Goof Gas; Or, Read Him His Rights

Remember that old Bullwinkle episode where Boris and Natasha dosed America’s finest brains with a secret gas that made them stupid? Goof gas has been discovered; it’s the word “terrorism.” Effective in 94% of people (personal observation).

The sordid trick of creating a special, sacred, untouchable category of people whose motives are supposed to be irrational and unknowable– or let’s say “evil,” for brevity’s sake– is having its predictable effects. The 19-year-old second suspect in the Boston Marathon bombing has been labeled a Terrorist, and gray-haired elder statesmen are baying to have him thrown into Guantanamo; people I supposedly am friendly with, or friend-of-a-friendly with (by the standards of Facebook) are calling for him to be tortured (as if that would serve any purpose of investigation or law). And, most notoriously, a city of 600,000 people was on lockdown for 48 hours and thousands of police were swarming around as if he were Godzilla come back from the bottom of the sea.

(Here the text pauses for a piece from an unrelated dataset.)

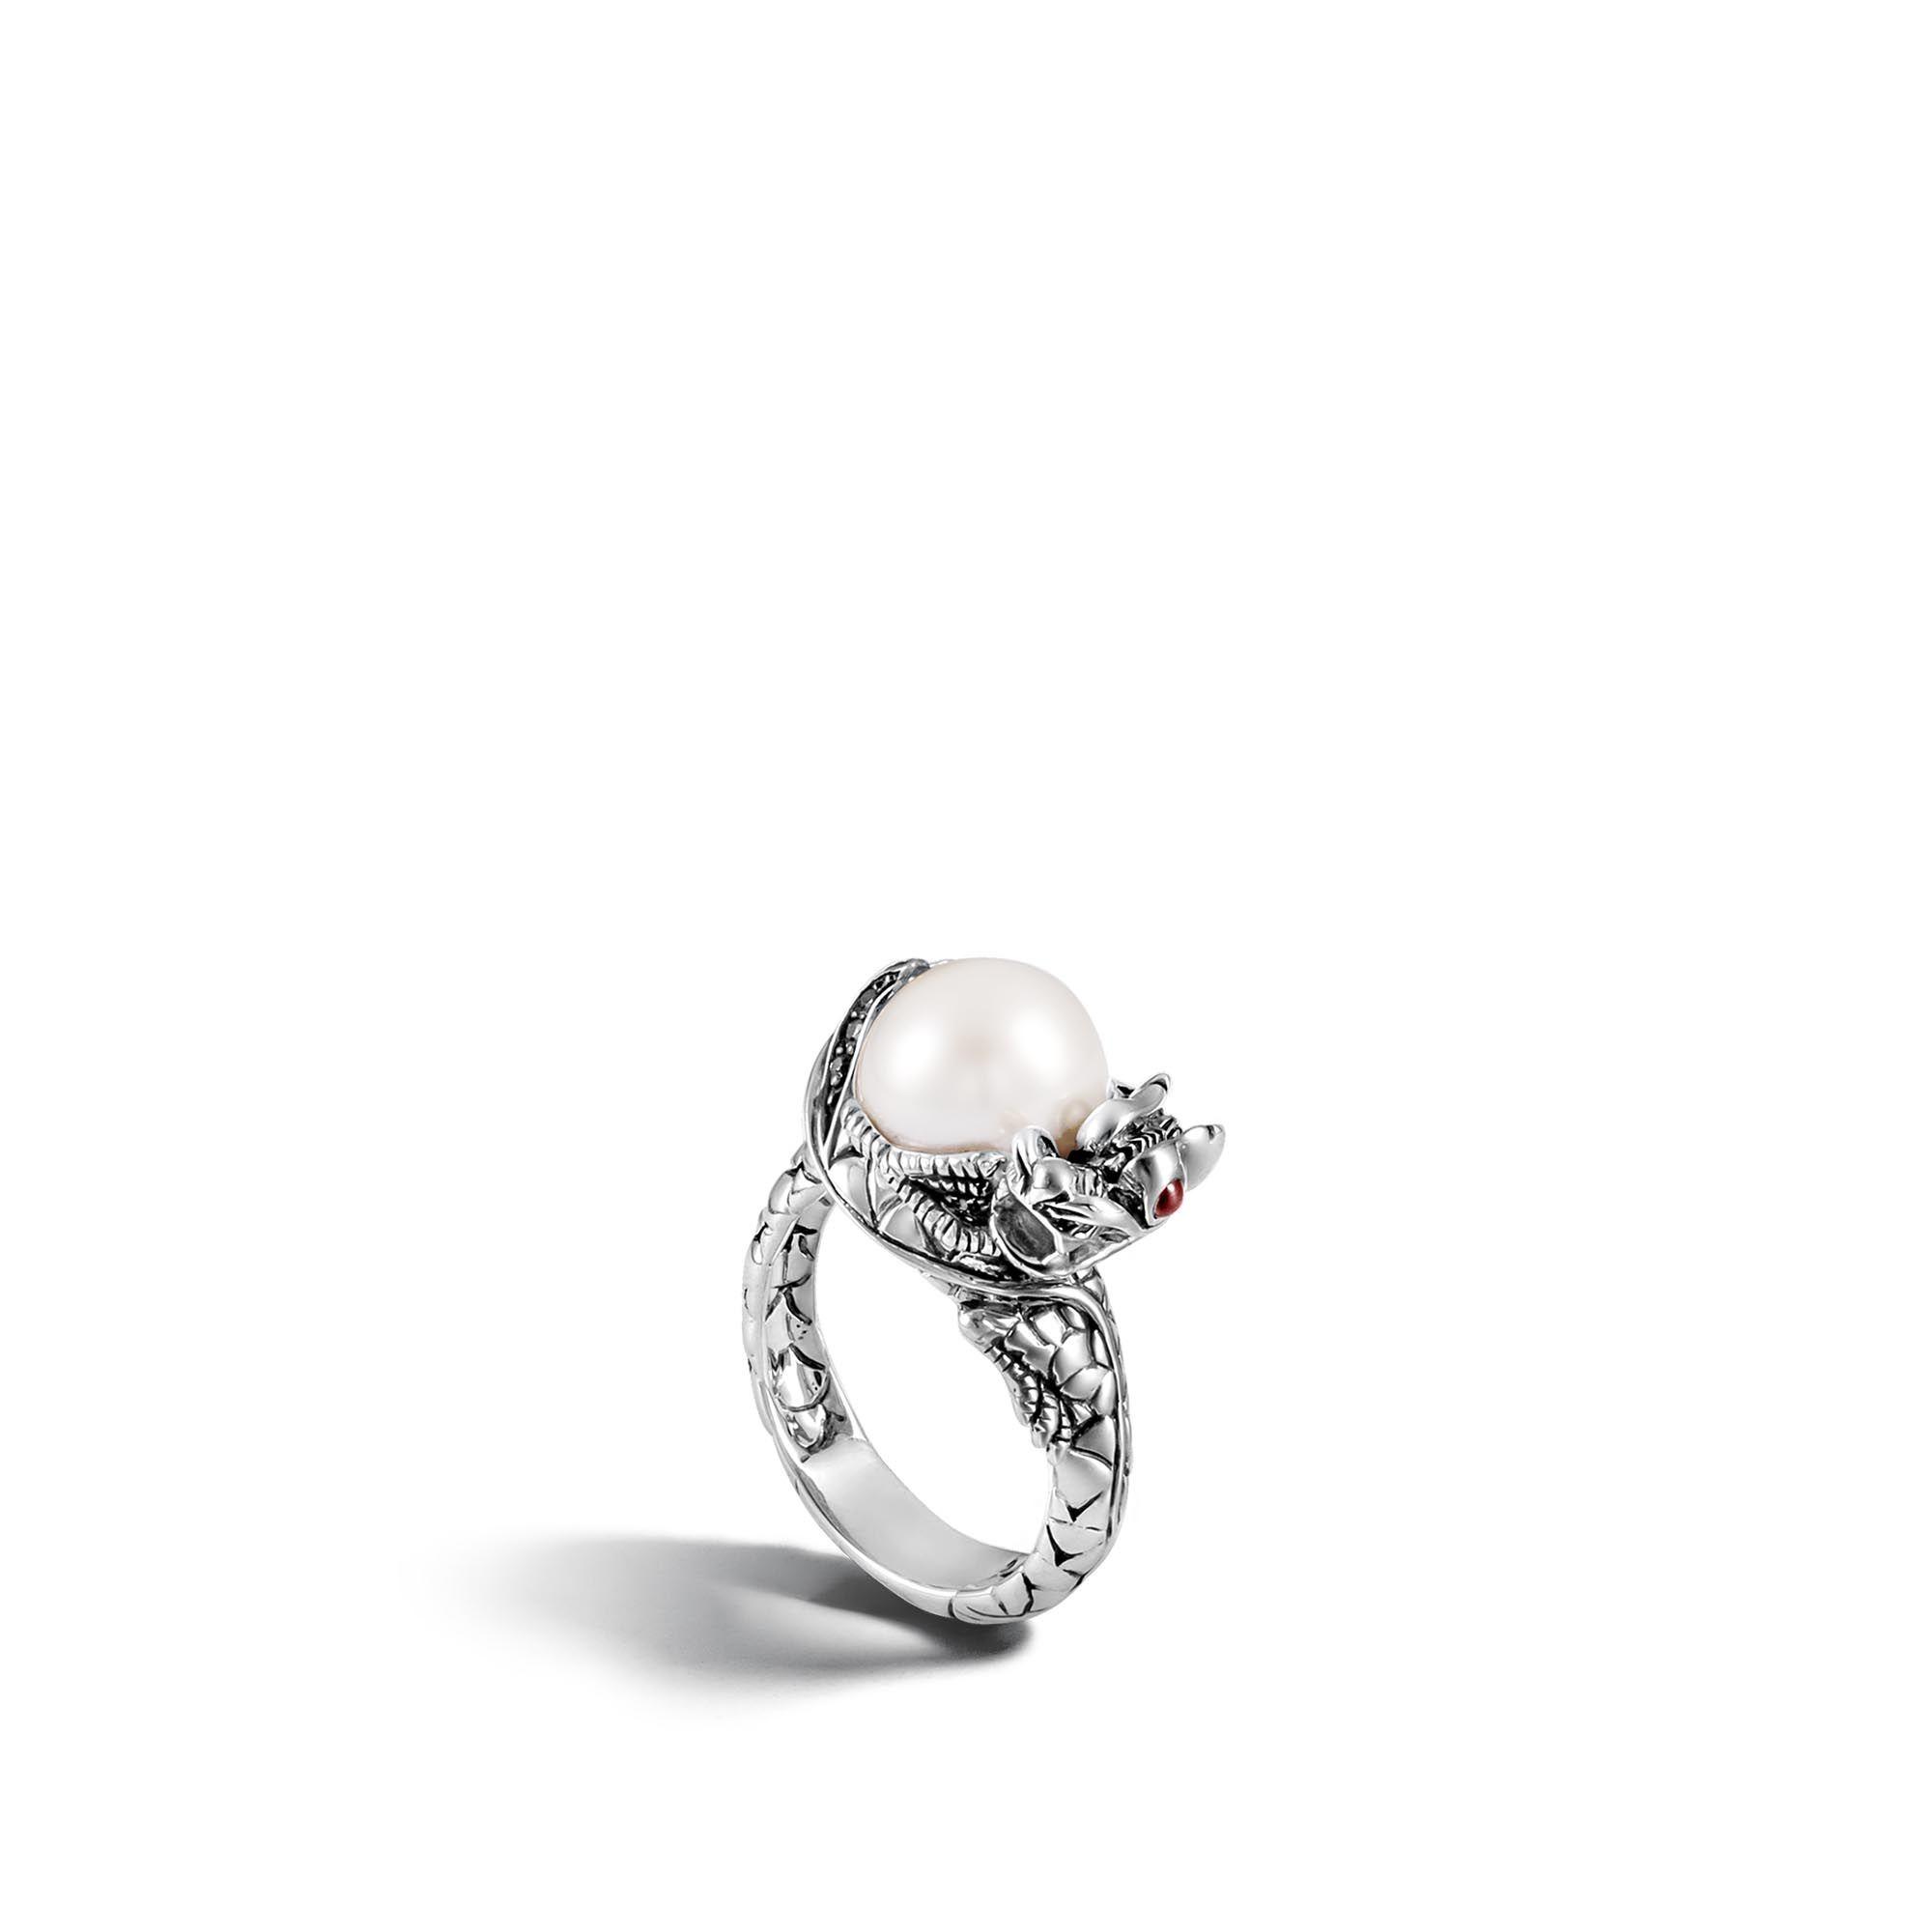 John Hardy Naga Silver Lava Small Dragon Ring with Freshwater Pearl QldJoihZ8n
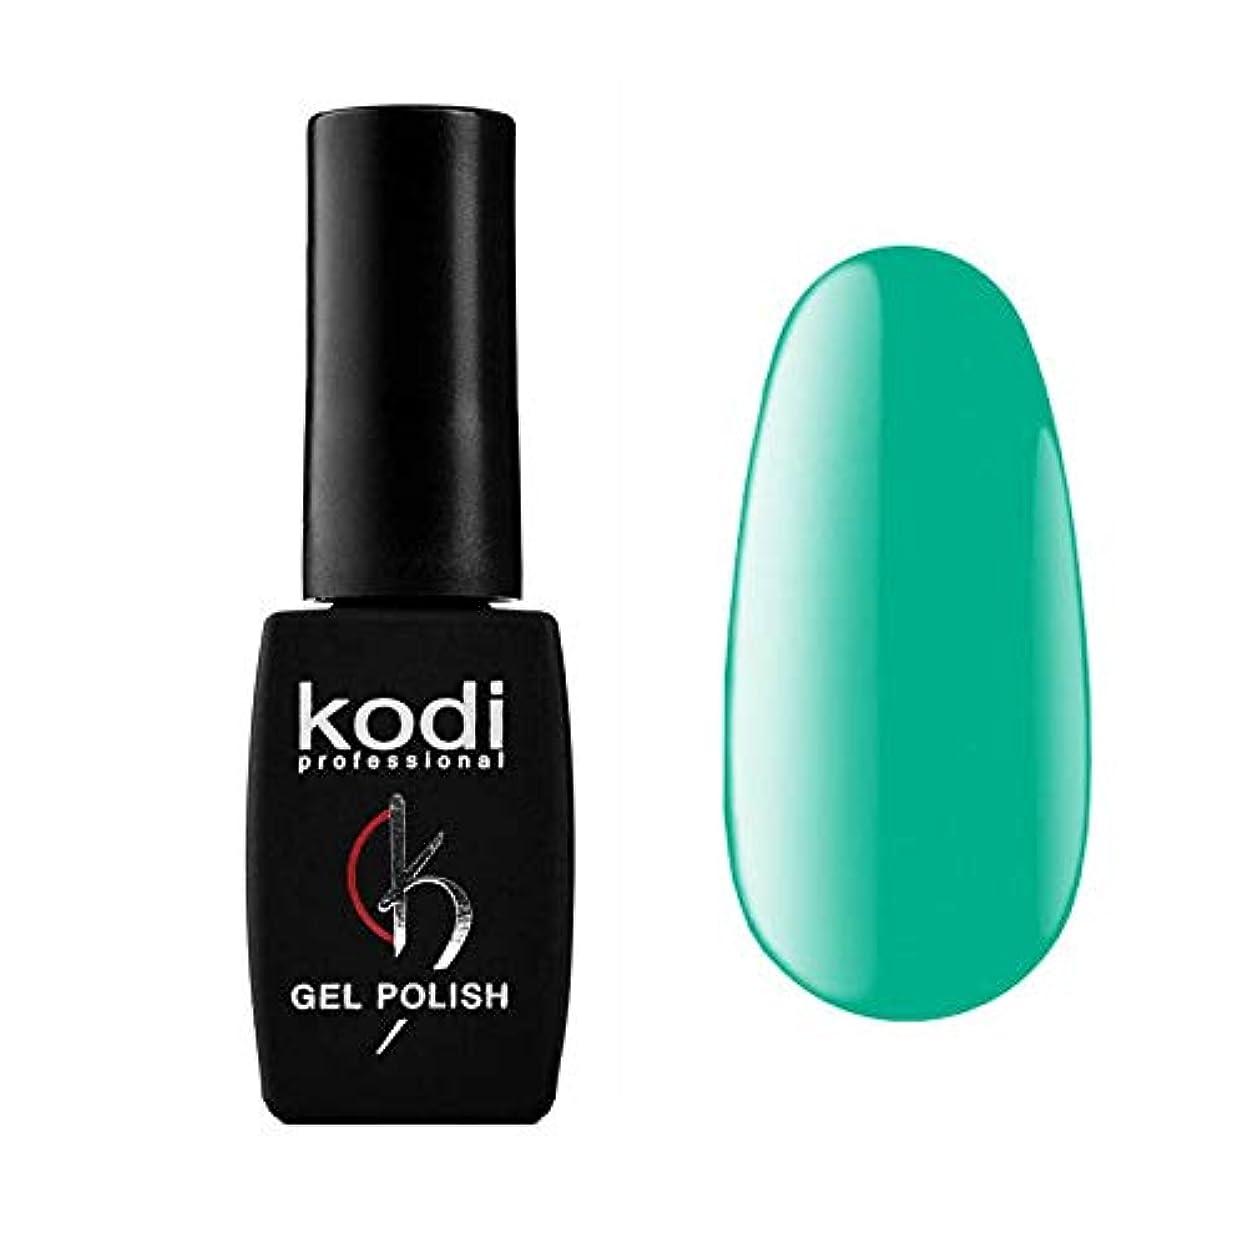 Kodi Professional New Collection AQ AQUAMARINE #20 Color Gel Nail Polish 12ml 0.42 Fl Oz LED UV Genuine Soak Off

If he and his brother had killed a policeman, stolen a car at gunpoint, exchanged fire with cops, and somehow set off explosives that killed three and maimed 120, while robbing a bank, we would be talking about them as vicious criminals, but we would be secure in the knowledge that we have courts and prisons designed to handle such cases, and handle them (let’s hope) dispassionately. But robbing a bank is, I guess, normal, and this other thing is somehow out of the sphere of humanity. But that’s absurd. People commit horrendous acts of violence and harm strangers all the time in their “pursuit of happiness.” Sometimes there’s a political or religious element to the wickedness, but not always. What they do can be described within the vocabulary of the police blotter and the criminal law, judges can hear testimony for and against them, they can have their day in court and their many days in prison, if found guilty. This is everyday life in a society that has laws.

No need to get all terroristic about terrorism. Read the poor SOB his Miranda rights, for heaven’s sake. Question him first, if there’s a likelihood that he has stashed further bombs that might be set to explode and hurt people. Question him about that. But don’t put him outside the reach of the law, deny him access to a lawyer or the right to remain silent, just to punish him. That actually wouldn’t punish him; it would reward him, it would make him from an American citizen (admittedly, not a very nice one) into a superman. Or Godzilla. And as far as a rational eye can see, he isn’t.

Jesse James was armed and dangerous. He was not a supernatural category. He was not evil incarnate. He was not a threat to all of our very existences. If you think little Dzokhar is, that’s the Goof Gas doing its work.

goofgas

 

Update: on April 22, the judge notified the surviving suspect of the charges being brought against him. Though indigent, he was informed of his right to legal representation. So somebody out there is reading Printculture. Good.